## [GIVEN DATA]

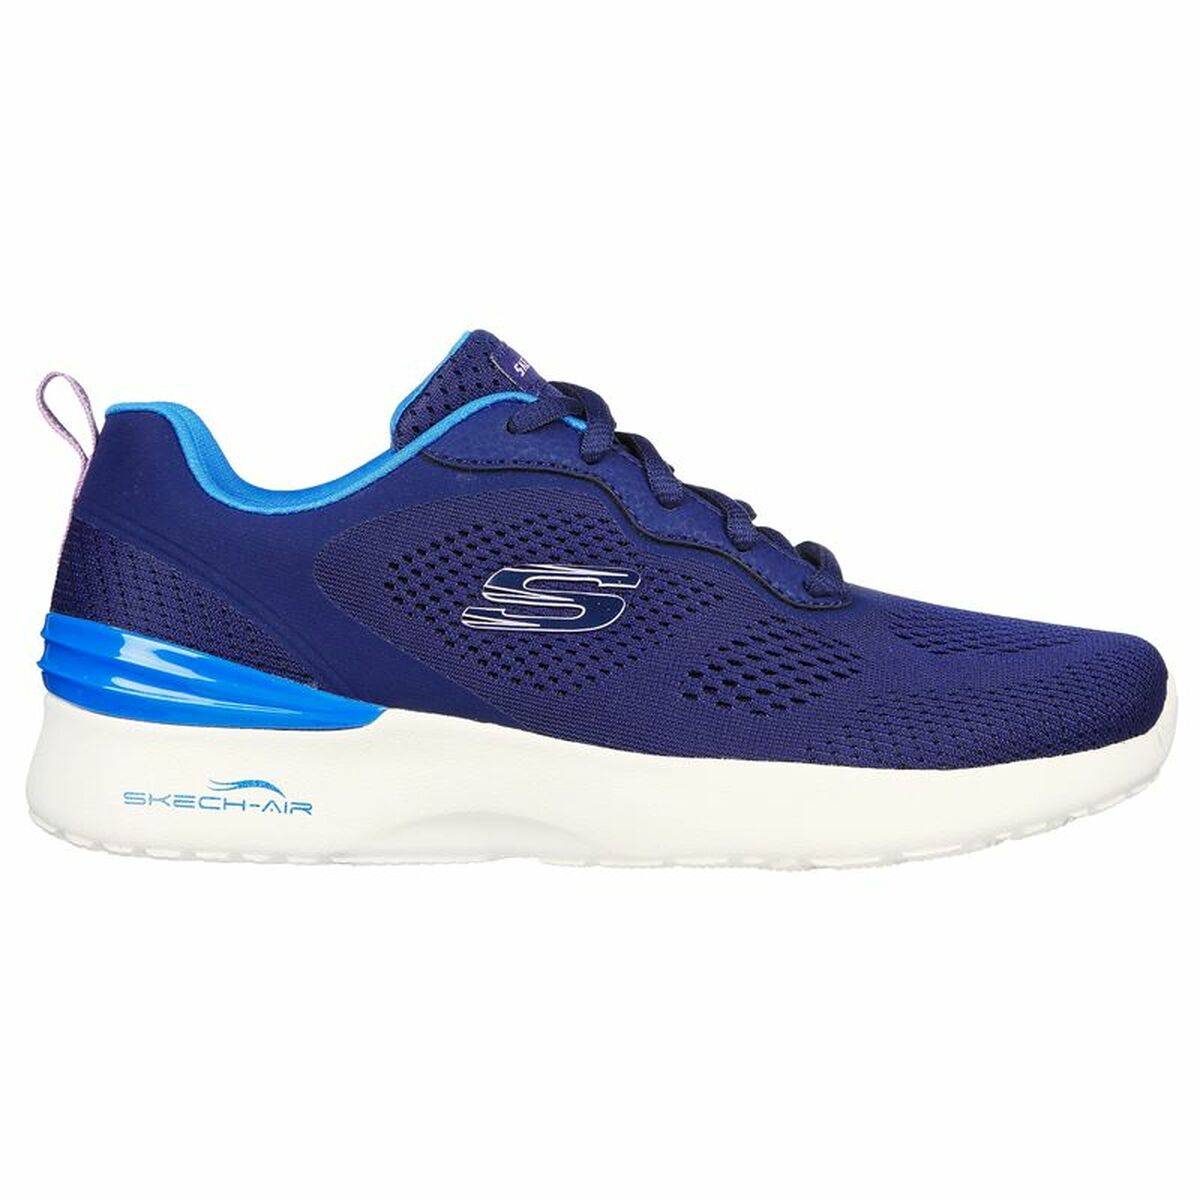 Chaussures de sport pour femme Skechers Skech-Air Dynamight - New Grind Bleu foncé
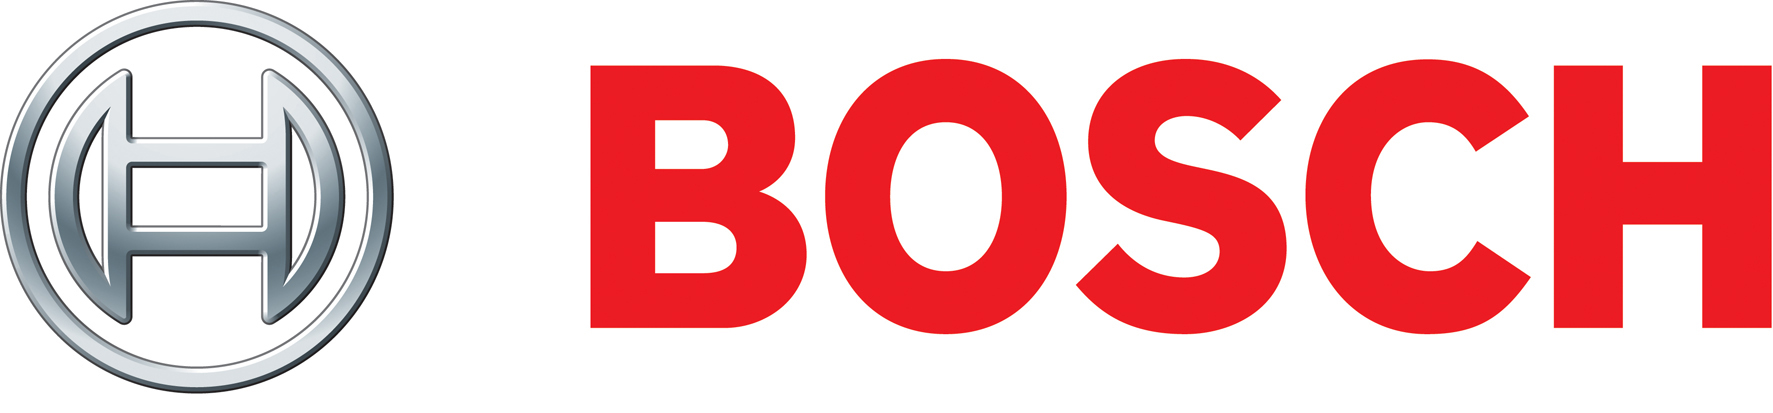 Bosch Logos
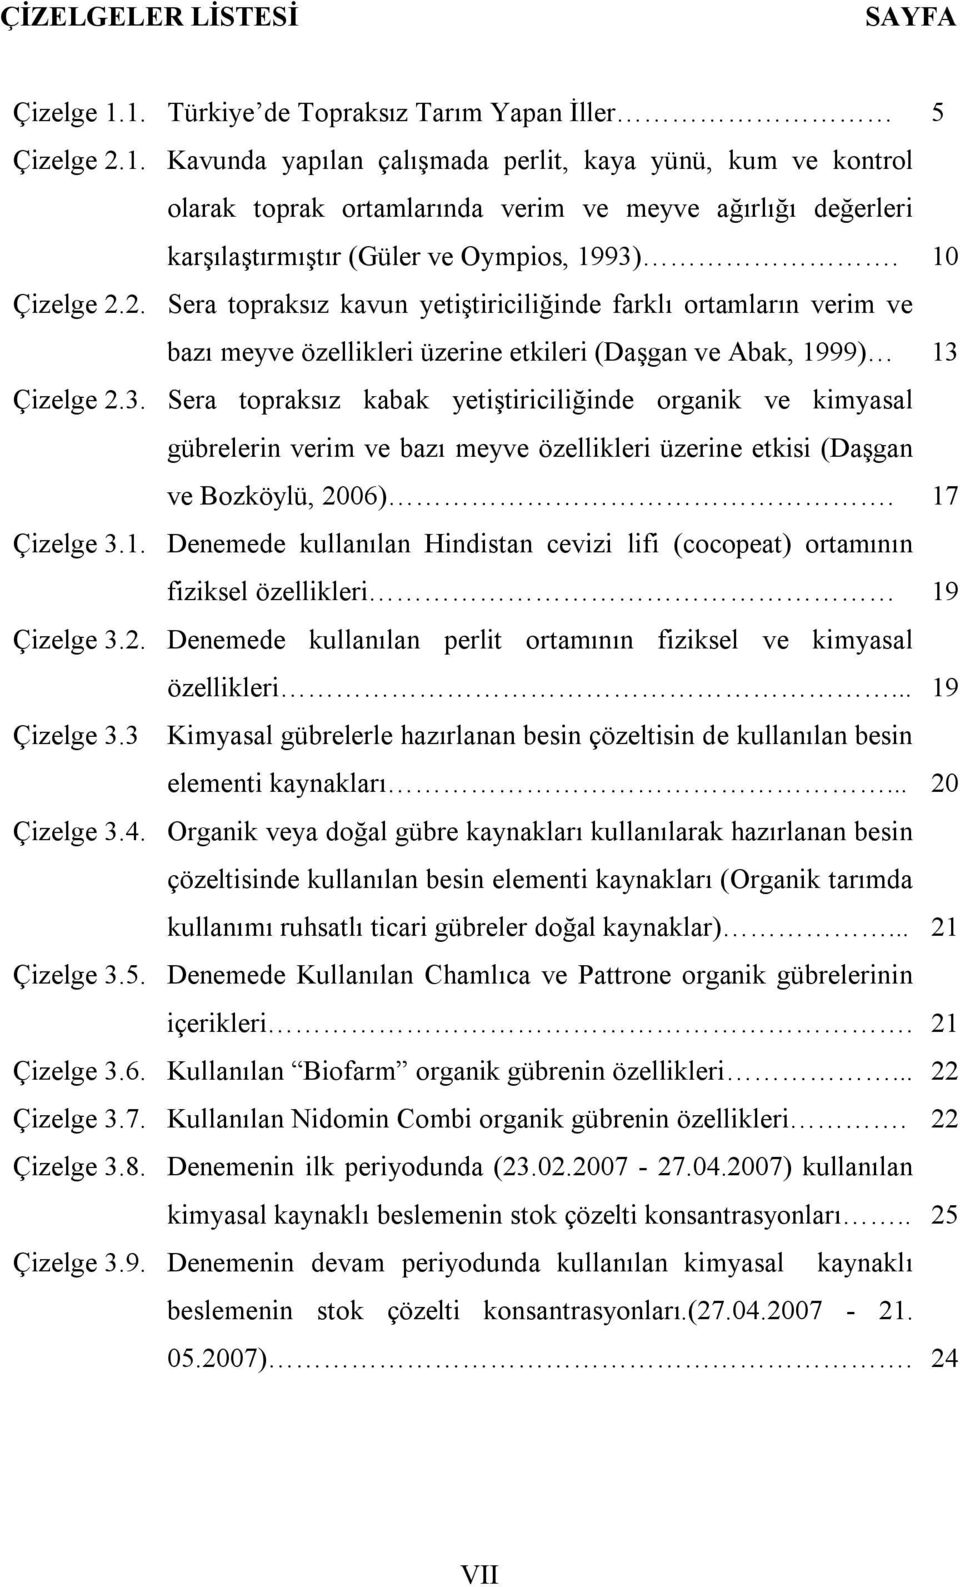 Çizelge 2.3. Sera topraksız kabak yetiştiriciliğinde organik ve kimyasal gübrelerin verim ve bazı meyve özellikleri üzerine etkisi (Daşgan ve Bozköylü, 2006). 17

## [PROBLEM STATEMENT]
Give the listing above again in its entirety, exactly as written and free of images.

## [RESULT OF THIS EXERCISE]
 Chaussures de sport pour femme Skechers Skech-Air Dynamight - New Grind Bleu foncé
 Bosch Logos
 Çizelge 2.3. Sera topraksız kabak yetiştiriciliğinde organik ve kimyasal gübrelerin verim ve bazı meyve özellikleri üzerine etkisi (Daşgan ve Bozköylü, 2006). 17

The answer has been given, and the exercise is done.